[Opening DATASET SECTION section]

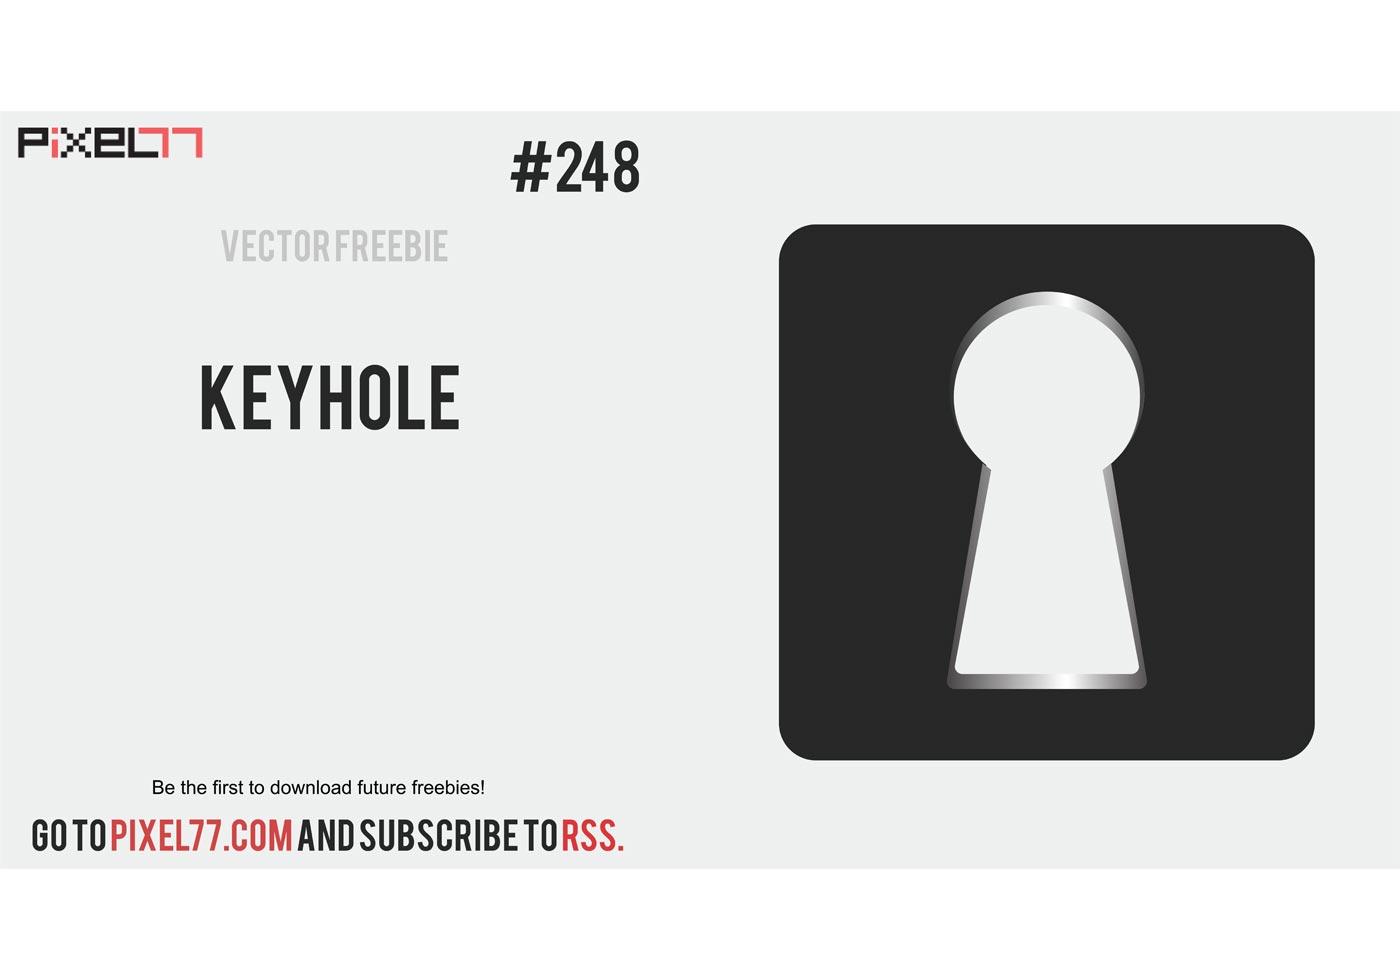 Keyhole Vector Free Vector Art At Vecteezy
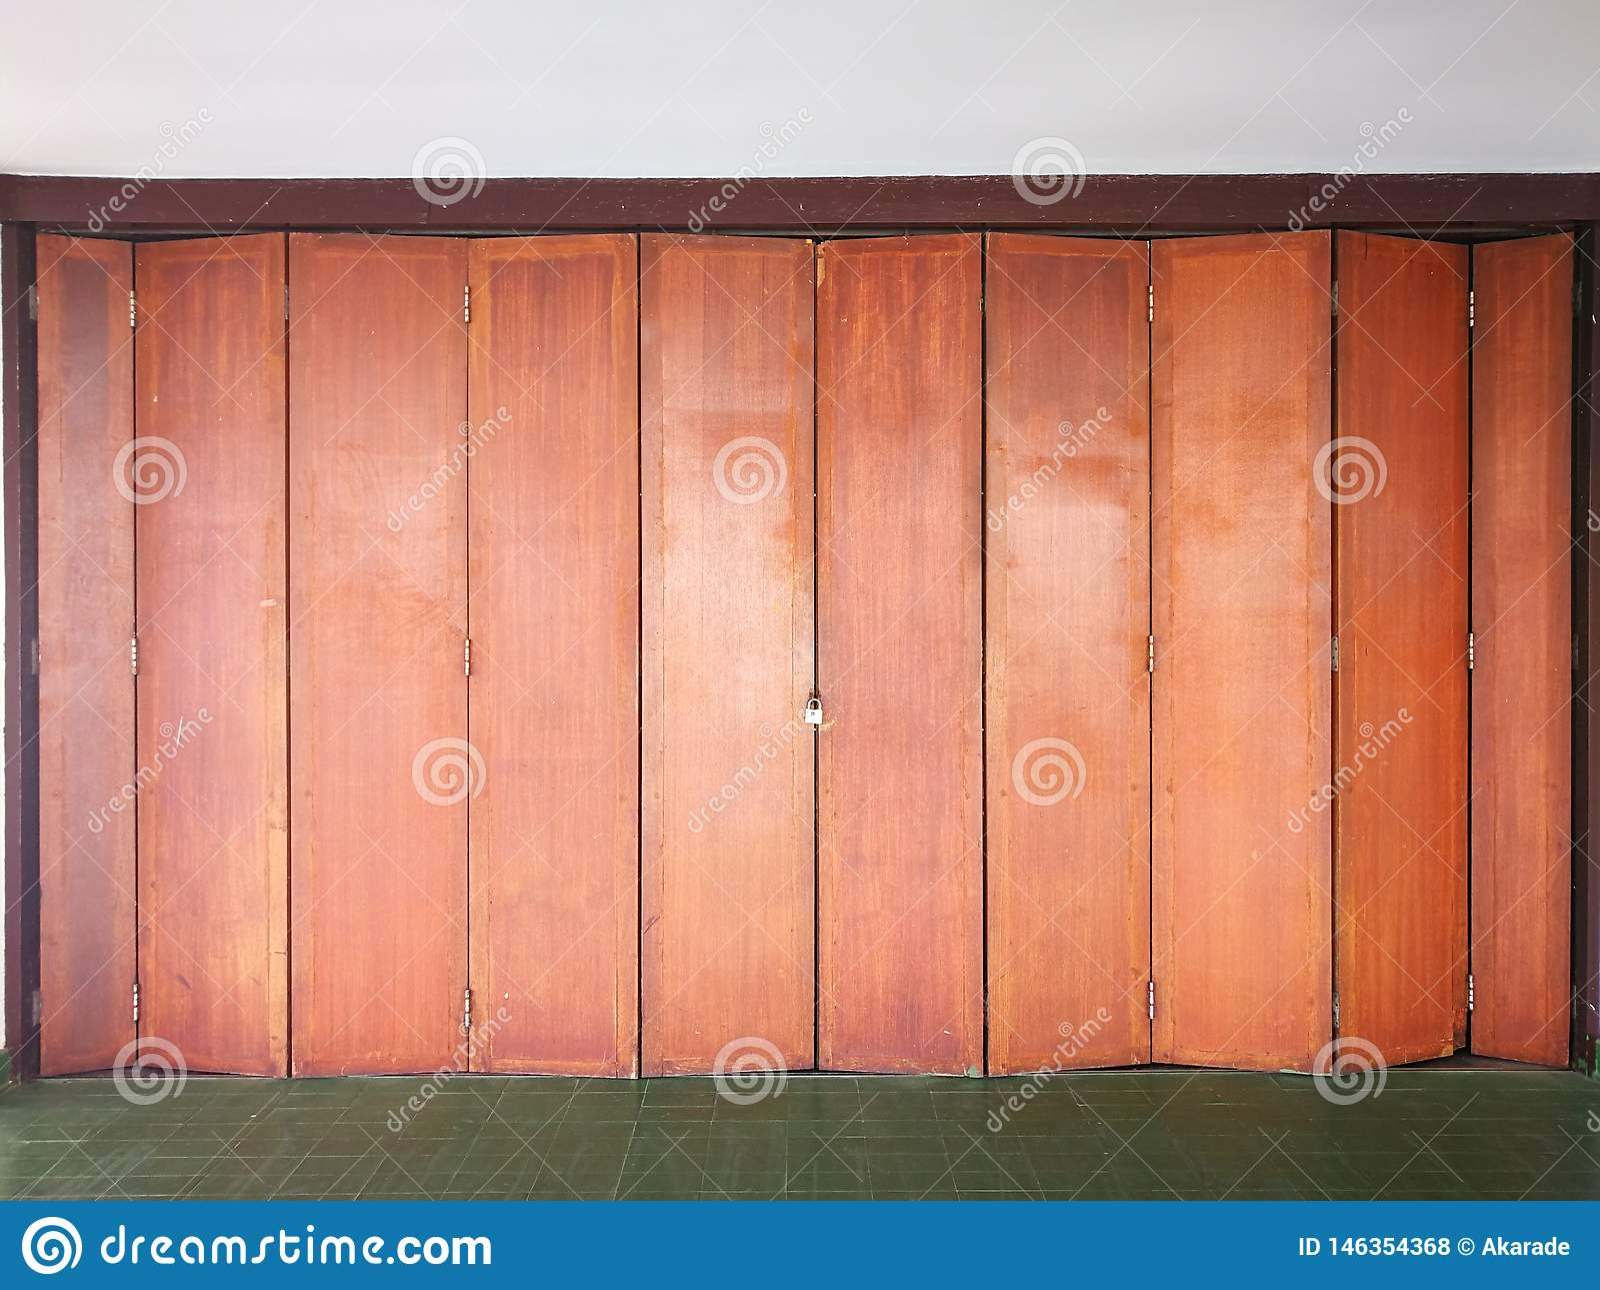 Wooden doors in the closed work
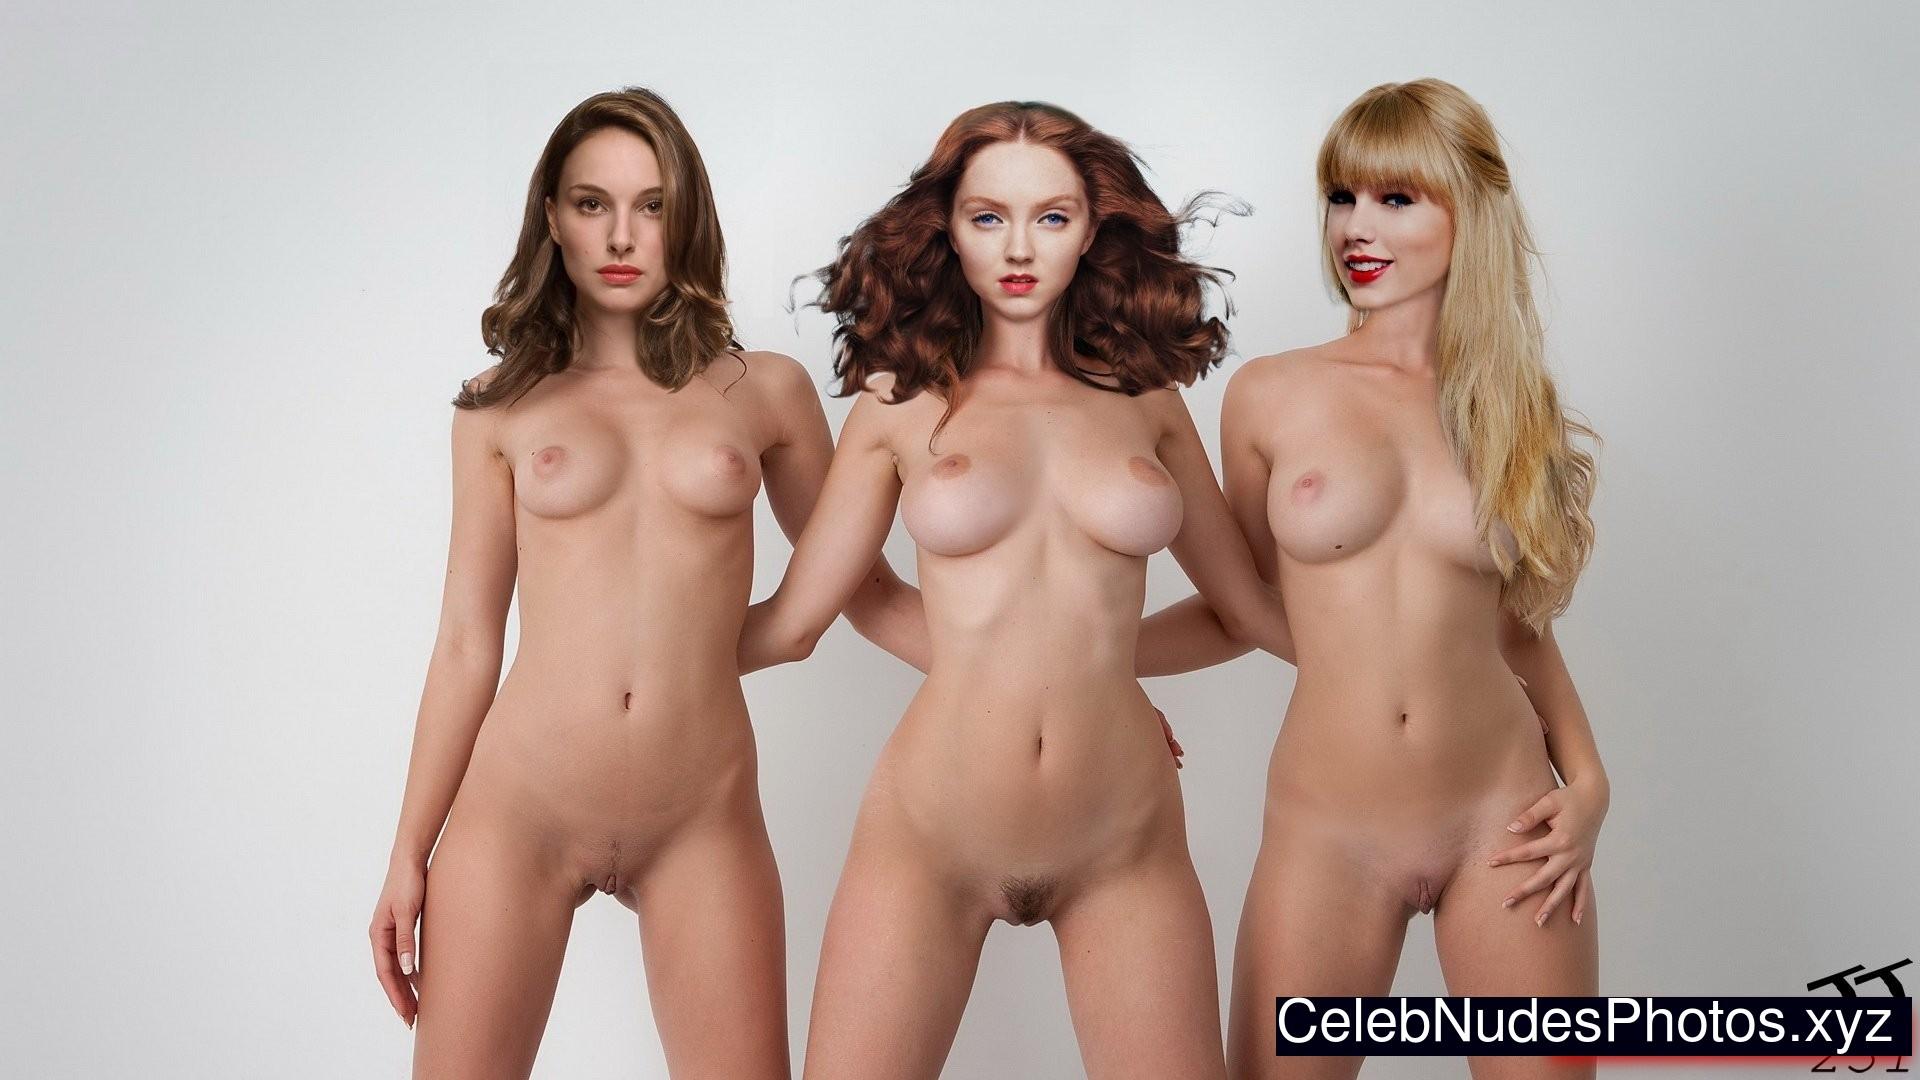 Natalie Portman celeb nudes

[Closing DATASET SECTION section]

WHAT NEEDS TO BE DONE
Nothing but the lines from the line containing "Wooden doors in the closed work" through the last line of the listing above should appear, output exactly, with no pictures.

EXERCISE OUTPUT
 Wooden doors in the closed work
 Natalie Portman celeb nudes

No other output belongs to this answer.